Diagnosis classification

Outpatient diagnoses were processed in three steps (see figures 1 and 2 in online supplementry appendix 3): standard tiers classifying, REs establishing, and dictionary and pattern mapping.

Standard tiers classifying

In the first step, based on the standard description and classification of the International Statistical Classification of Diseases and Related Health Problems 10th Revision (ICD-10) in 2016 Chinese version,[14] we first classified all diseases into three tiers according to whether antibiotics are indicated or not: tier 1 if the disease almost always justifies use of antibiotics, such as pneumonia; tier 2 if the disease only sometimes justifies use of antibiotics, such as sinusitis; or tier 3 if the disease almost never justifies use of antibiotics, such as cancer.
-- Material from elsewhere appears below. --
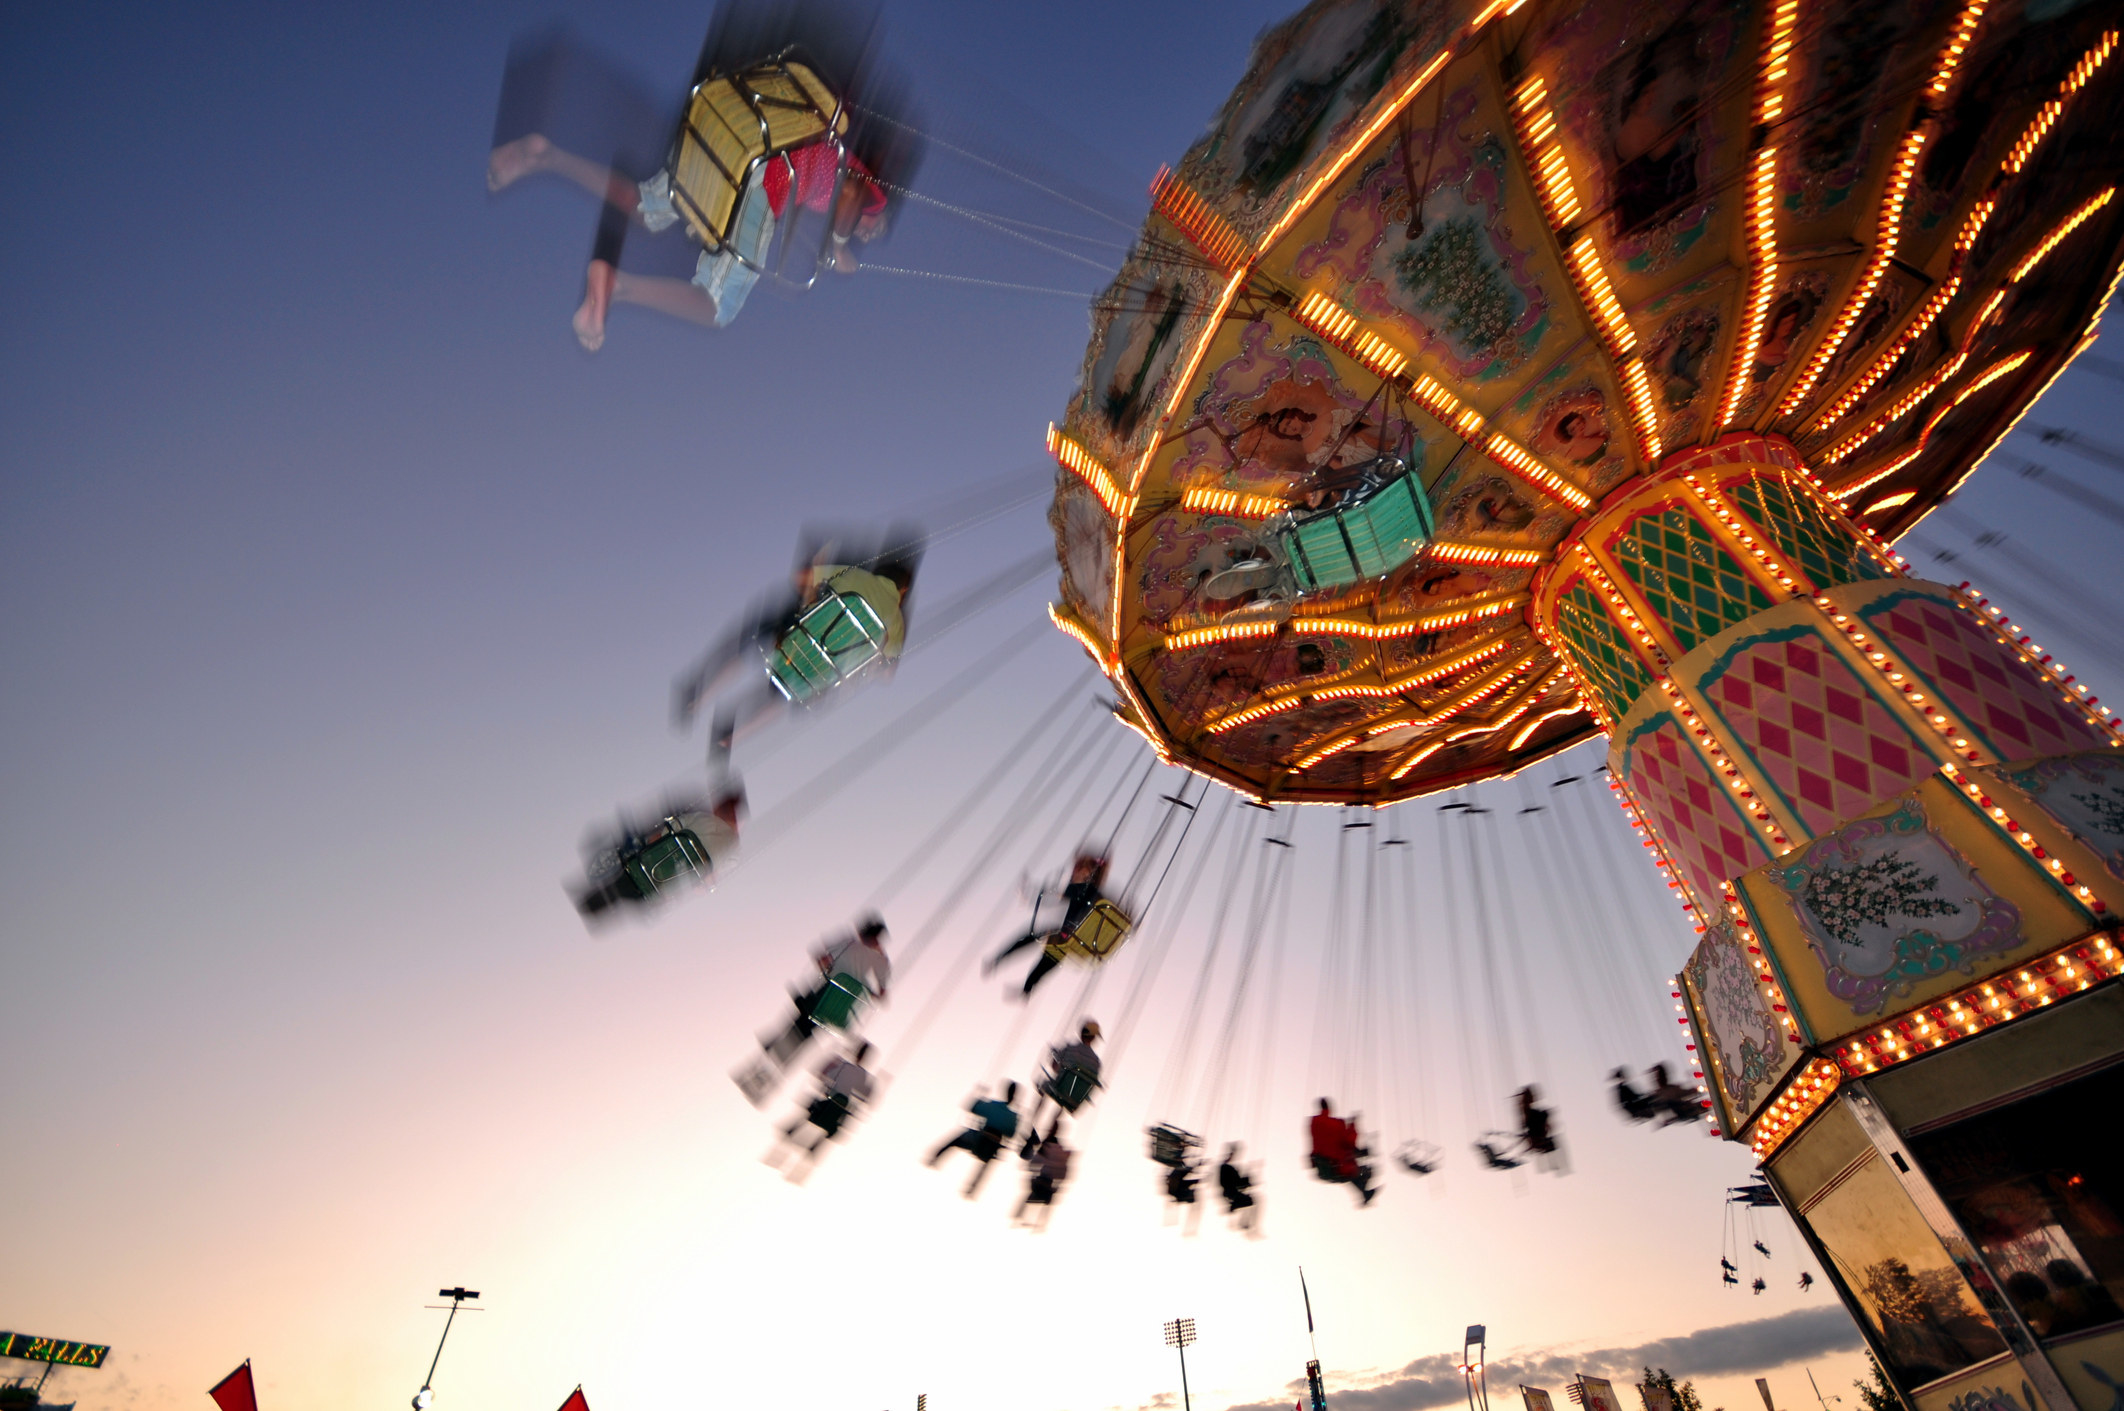 an amusement park swing ride

Two groups of researchers worked on this independently and in parallel, the first group classified the standard diagnoses according to the list of categories established in previously published researches.4 5 11 The other group consisting of one clinician and one pharmacist performed the same classification based on their clinical knowledge and experience. If there were any conflicts between the results of the two groups, recommendations for antibiotic use from the Guidelines for Clinical Application of Antibiotics15 and UpToDate16 were referenced and the final tiers of the diagnoses were determined. Online supplementry appendix 4 gives the basic rules that we used to classify the diagnoses. Then, the primary list of the tiers of diagnoses was reviewed by an expert of respiratory disease, an expert of infectious disease and an experienced pharmacist in three of the top hospitals in Beijing. Conflicts of the reviewers were discussed and the primary list was modified, if necessary. Finally, we classified 34 337 ICD codes, among which 2465 (7.2%) were classified as tier 1, 2608 (7.6%) were classified as tier 2 and 29 264 (85.2%) were classified as tier 3. The final list of the standard tiers of diagnoses (LiSToD) is available from https://www.researchgate.net/publication/336286590_LiSToD_The_list_of_the_standard_tiers_of_diagnoses_based_on_China-ICD-10. Online supplementry appendix 5 gives a comparison with the classification schemes from previous studies. Furthermore, we set up more diagnostic subcategories according the ICD-10 chapters and previous studies,[4 5 17 18] and finally all diagnoses were classified into 15, 21 and 13 different categories of tier 1, tier 2 and tier 3 diagnoses, respectively (see online supplementary appendix 6 for more details).

RE establishing

In the second step, we first established the dictionary and patterns of the clinical terms in the LiSToD. The clinical terms were derived from the following sources: (1) code string descriptions of Chinese version of ICD-10 and corresponding synonyms or abbreviations; (2) pilot string searches for the diagnoses in the LiSToD; (3) clinicians’ suggestions about the common abbreviations (in Chinese or in English) of infectious diseases. Similar patterns or key words of different descriptions of the same condition in the raw data were identified and used to establish the REs which can be used for information extraction. For example, Helicobacter pylori infection coded as A49.809, standard Chinese name in the ICD-10 system would be ‘幽门螺旋杆菌感染’, but it may be written in the raw diagnosis text as ‘幽门螺旋杆菌’, ‘幽门螺杆菌’, ‘幽门螺旋菌’, ‘幽门杆菌’, ‘幽门螺菌’, or even ‘幽门螺旋杆’, ‘幽门螺杆’ or in English abbreviation ‘HP’, ‘Hp’, ‘hP’ or ‘hp’. Thus, the REs for matching the diagnoses of H. pylori infection after converting all the letters to the uppercase would be ‘(幽门螺?旋?杆?菌)|(幽门螺旋?杆)’ and ‘([ˆA-Z]HP[ˆA-Z])|([ˆA-Z]HP$)|(ˆHP[ˆA-Z])|(ˆHP$)’ (this subexpression means that the abbreviation of ‘HP’ cannot be prefixed or suffixed by any other letter). Finally, we established the lists of REs for diagnoses (REoD) in the LiSToD. Online supplementry appendix 7 gives more details of the rules we used for constructing REs.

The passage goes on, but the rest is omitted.